Refactor how we store expiring information for job artifacts
Summary
After rolling out https://gitlab.com/gitlab-org/gitlab/-/issues/233939 we can delete expired artifacts as soon as we can find them. Which leads to this problem, the query that looks for expired artifacts is highly inefficient. In !47496 (merged) we have stopped it from timing out at the expense of how long back in time we could go.
How the data is structured:
On the ci_job_artifacts
table we have a column that tells us when an artifact should expire, called expire_at
. But #16267 (closed) changed how we look for expired artifacts, we also need to consider ci_pipelines.locked
value.
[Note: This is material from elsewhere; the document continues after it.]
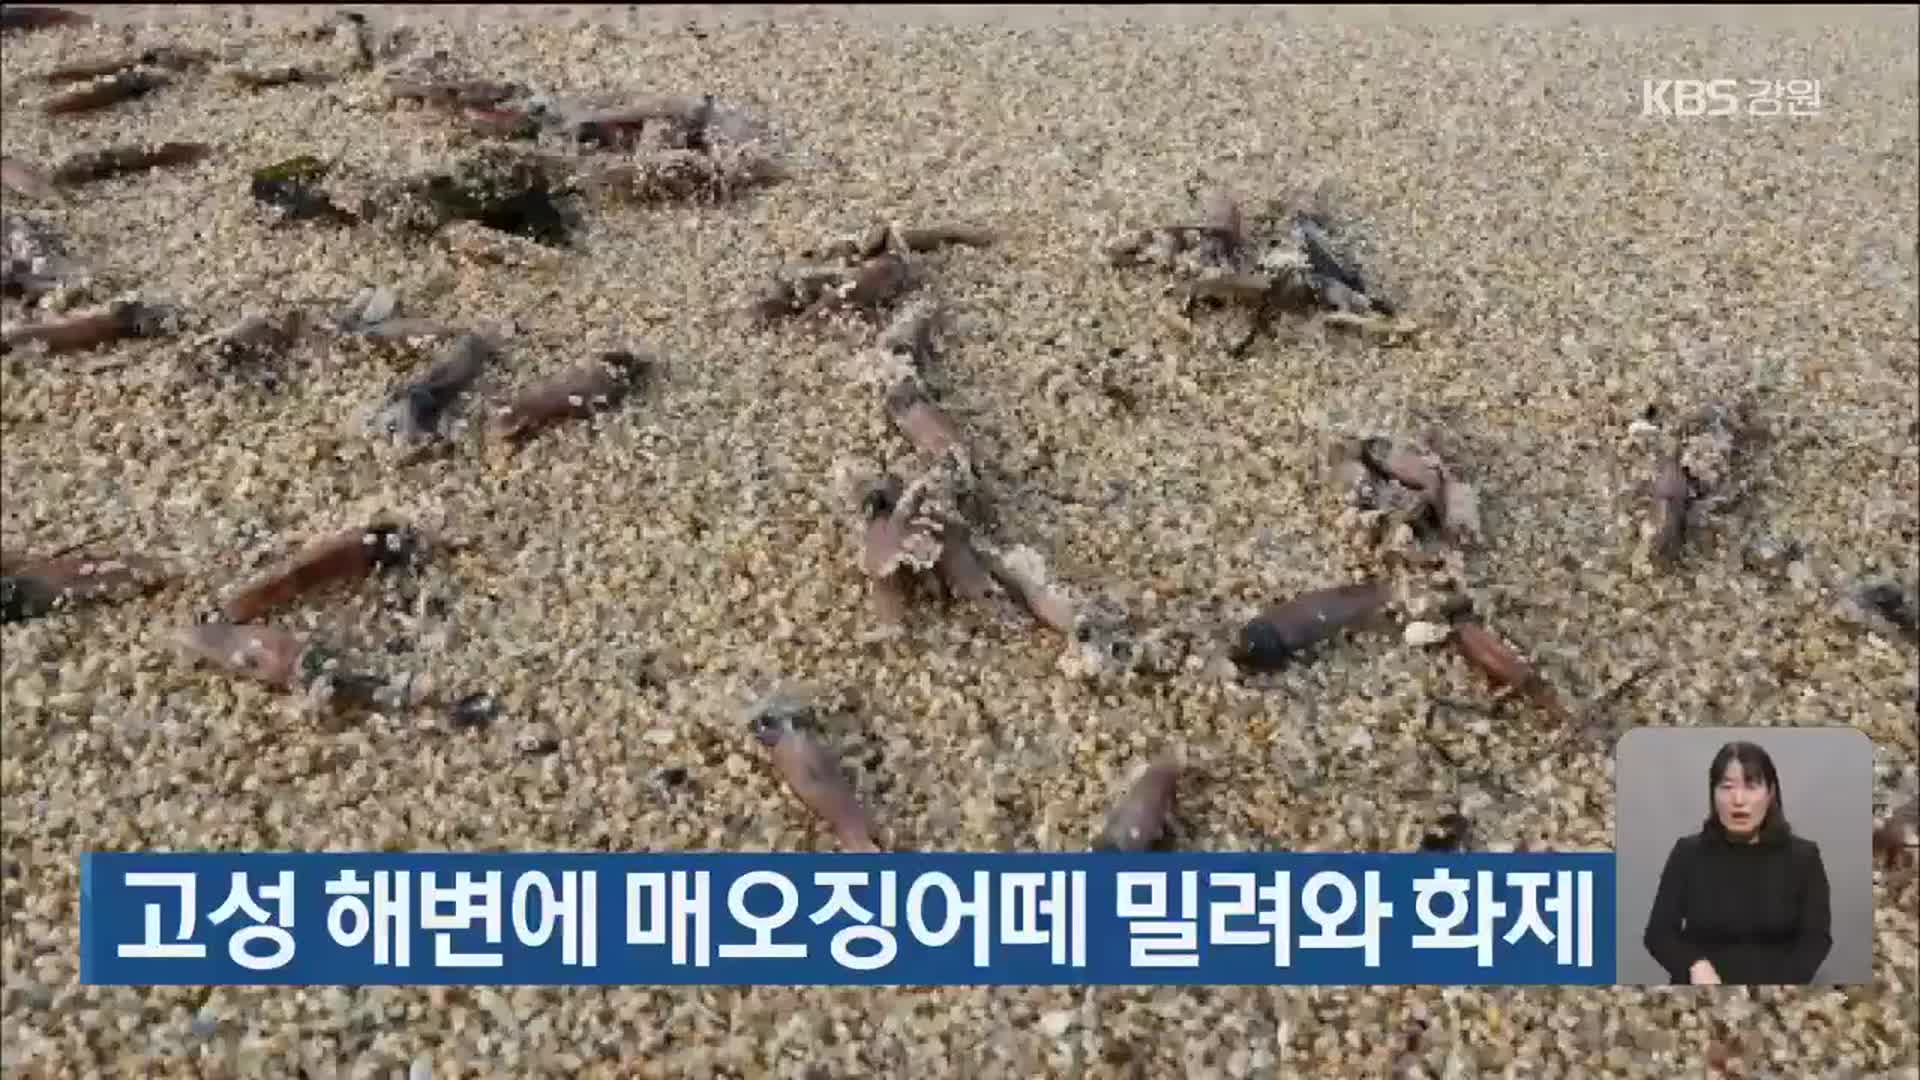 고성 해변에 매오징어떼 밀려와 화제

In order to find a batch of artifacts that can be removed we need to join three tables: ci_job_artifacts
, ci_builds
, and ci_pipelines
(we need to introduce ci_builds
because we don't have a foreign key for pipelines on job artifacts). This query is problematic because it needs to look at tens of thousands of expired artifacts to find a few that are unlocked.
The suggested solution for this was to move the locked
column on ci_job_artifacts
and create an index that covers expire_at
and locked
columns.
But we could try to solve more problems here:
- centralize the expiry data into a single place because it is stored in 3 separate tables and it's becoming hard to manage.
-
ci_job_artifacts.expire_at
- timestamp indicating when the artifact should be removed. -
ci_pipelines.locked
- integer indicating if expired artifacts could be removed - #281688 (closed) -
ci_builds.artifacts_expire_at
- timestamp - this one is used in the UI to show if artifacts are available or not.
-
- identify artifacts that are kept by users - #263234 (comment 466277687)
Theci_job_artifacts.expire_at
column can hold null values indicating that the artifacts must not be removed because users chose to keep the around by clicking theKeep
button in the UI or usedartifacts:expire_in:never
in the YAML config. But because we didn't have a default expiry policy for .com, we have a lot more artifacts with null values in this column. - UX problem:
The clock for an artifact starts as soon as it's uploaded, but with #16267 (closed) I think it should start after the artifact is unlocked because we can go
There is no grace period between the states. I would like to see when the artifacts are supposed to be removed because going from locked to removed is a bit surprising for me.
Improvements
I'm thinking of introducing a new table to hold this information:
table name: ci_job_artifacts_policies
column name data type
job_id FK to ci_builds
state enum - this could be `unlocked`, `pipeline_locked`, `user_locked`
expire_at timestamp
expire_in interval - this will hold the value defined by the user in `artifacts:expire_in` if we chose to start the clock after unlocking them.
removed_at timestamp
With this table in place, the query to find expiring artifacts becomes:
policies = Ci::JobArtifactsPolicy
.where('expire_at < ?', Time.current)
.where(removed_at: nil)
.where(state: :unlocked)
policies.each_batch(of: 100) do |policies_slice|
Ci::JobArtifact
.erasable # we don't want to remove job traces
.where(job_id: policies_slice.select(:job_id))
.destroy_all # the destroy process is simplified here
policies_slice.update_all(removed_at: Time.current) # we mark policies as removed
end
This is better because we are using only one table to do the heavy filtering and we can back the database query with an efficient index. We are still doing a join
and apply a filter on the joined relationship but the filter is going to remove only policies_slice.size
artifact records from the relationship.
Risks
I think the background migration to populate ci_job_artifacts_policies
could take a lot of time, so we would need to run the two solutions concurrently for that period of time.
Involved components
- We will have to update
Ci::UnlockArtifactsService
, but keep its efficiency. - I think we should create the policy record when we create the first artifact in
Ci::CreateJobArtifactsService
. If a job doesn't have any other artifact types besides trace, the record should be optional. -
Ci::DestroyExpiredJobArtifactsService
will need to have its query updated. - Update how we
Keep
artifacts: https://gitlab.com/gitlab-org/gitlab/-/blob/120c72350e46683c0c85d30db73b378bb66206a9/app/controllers/projects/artifacts_controller.rb#L85-89 - Set the state touser_locked
and do not update theexpire_at
value. - Update how
artifacts:expire_in:never
works. It should set thestate
touser_locked
and theexpire_at
value to the application default.
We could explore these queries in more detail with a thin database clone before starting the actual work.